Here are a few comments the Supreme Court made to try to make this clearer:

  • A mere instruction to implement an abstract idea on a computer “cannot impart patent eligibility.”
  • “Stating an abstract idea ‘while adding the words “apply it”‘ is not enough for patent eligibility.”
  • “Nor is limiting the use of an abstract idea to a particular technological environment.”

So the question of the hour is, is whatever you, the intrepid software developer, wants to patent an abstract idea, and if so, have you come up with an “inventive concept” which makes it patentable?

Spoiler: It very likely is, and you very likely have not. I hate to be a downer, but them’s the odds. That doesn’t mean you shouldn’t ask a patent attorney to review your invention, nor does it mean that they will automatically tell you it’s not patentable. But prepare yourself for a negative response, and then anything else will be a pleasant surprise.

How do you know whether you have added an “inventive concept?” In the context of software patents, this seems to be evolving in the direction of a “technological improvement,” which of course seems to be somewhat redundant with the “novelty” requirement, but nobody said this has to make sense. Here’s a very, very rough rule of thumb: if your invention performs some task in a way which is different from the way in which that task has historically been done, you may have added an inventive concept. If it performs some task in a way which a person of ordinary skill would see as actively less advantageous than the historical approach, but in fact improves the solution to the task, you have a very good chance of having added an inventive concept. Contrarily, if you are simply doing something which has not been done historically, but which simply implements a straightforward solution to a novel problem, you very likely have not added an inventive concept.

Suppose, for instance, that nobody had ever made a “po-kee-no” computer game. (That is, a computer game which implemented a known game which is a combination of poker and keno.) To make such a game, you would need an algorithm which implemented the rules of po-kee-no in such a way that a computer could evaluate any given po-kee-no “hand” and determine the payout. No matter how clever your algorithm, it in the end would be an abstract idea (“the rules of po-kee-no, evaluated by a computer”) and would not include any inventive concept since you did not invent the rules of po-kee-no nor the traditional approach to converting game rules to compute algorithms. So no patent for you!

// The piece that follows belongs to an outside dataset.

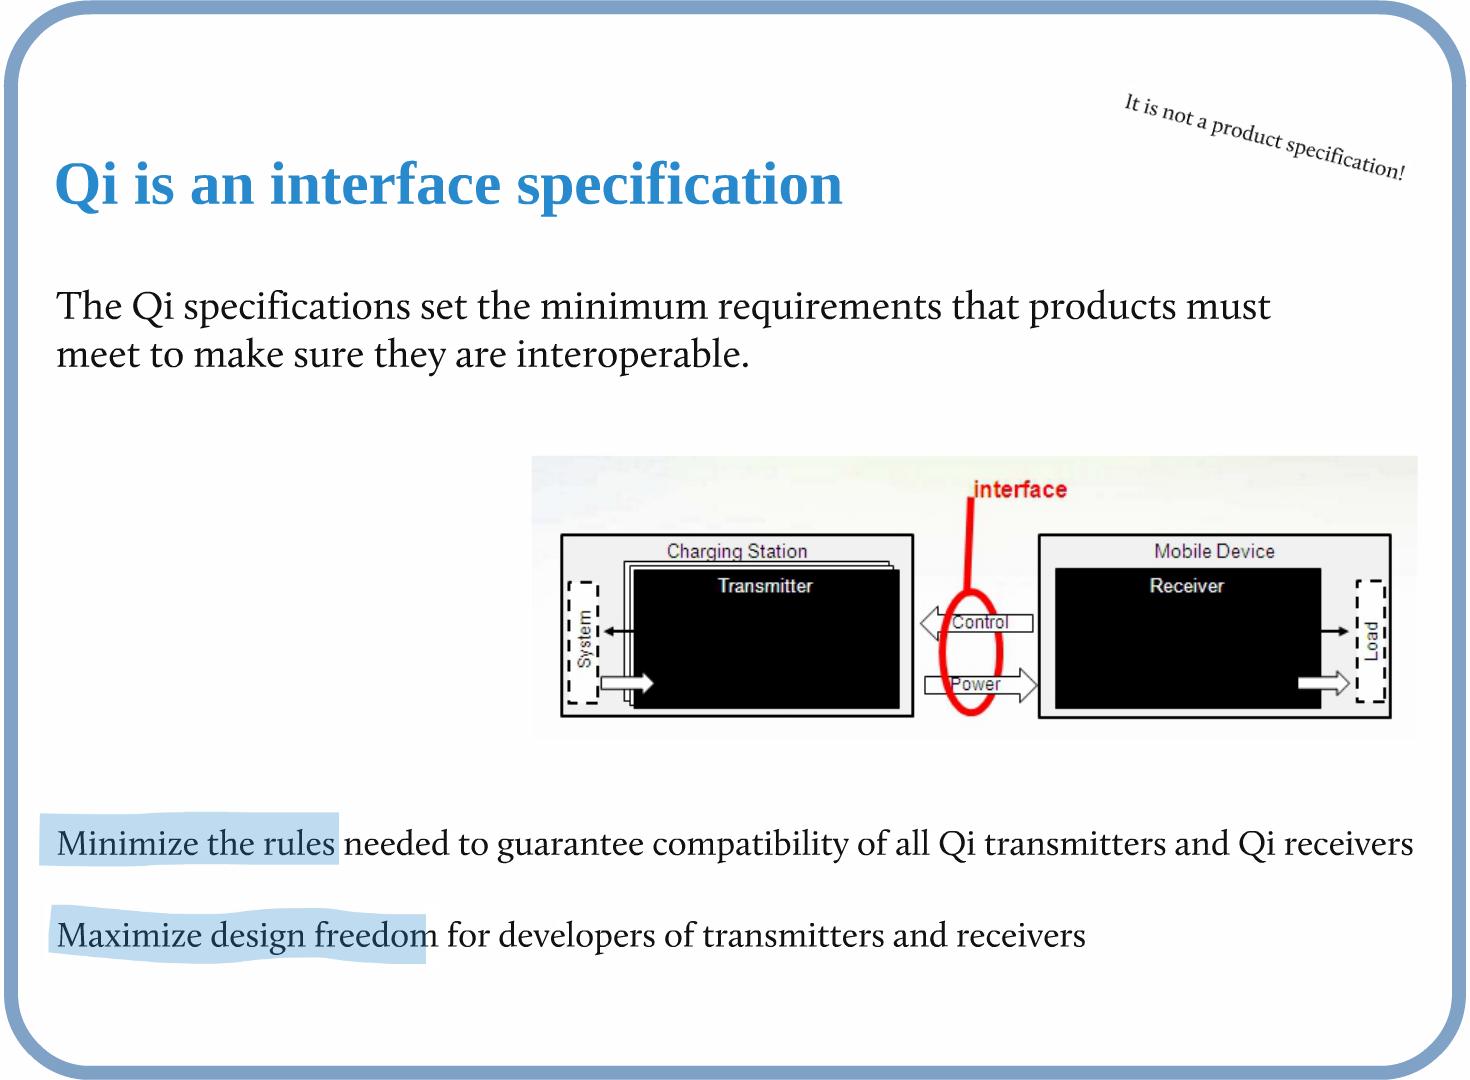 Dossier tout savoir sur la technologie de recharge sans fil qi - Comment savoir si une poele est compatible induction ...

However, further suppose you had discovered that while it is not part of the rules of po-kee-no, it is much faster and more efficient to evaluate a po-kee-no hand by first looking to see if there are any jacks in it. Mathematically, this makes no sense (and, I hasten to add, it’s not actually true.) So while it is still an abstract idea (“look for jacks first,”) it contains an inventive concept which is not suggested by either the algorithm (“follow the rules of po-kee-no”) or the traditional approach to implementing game rules on a computer (“turn the rules into mathematical/logical statements and evaluate the statements.”) So there is a good chance that a method of playing po-kee-no on a computer which looked for jacks first would be patentable under Alice.

For those of you who are game developers, here’s a link to another little article on some game-specific Alice-type decisions.

Video Game Patents Are in Deathmatch Mode

Note that more than eighty percent of the patents adjudicated after Alice have been found invalid!

At the end of the day, there is a whole host of other questions which come into the analysis of whether to patent a software method. (Including whether you have the funds to support both the application process and any necessary enforcement proceedings.) But at the heart of it, be honest with yourself about whether you have really created a technological improvement, which is a very high bar to clear, or whether you have just come up with a kick-ass implementation, which is nothing to sneeze at even if you can’t patent it. I hope that gives you a sense of the current thinking of patent attorneys regarding software patents. As always, questions and comments are welcome.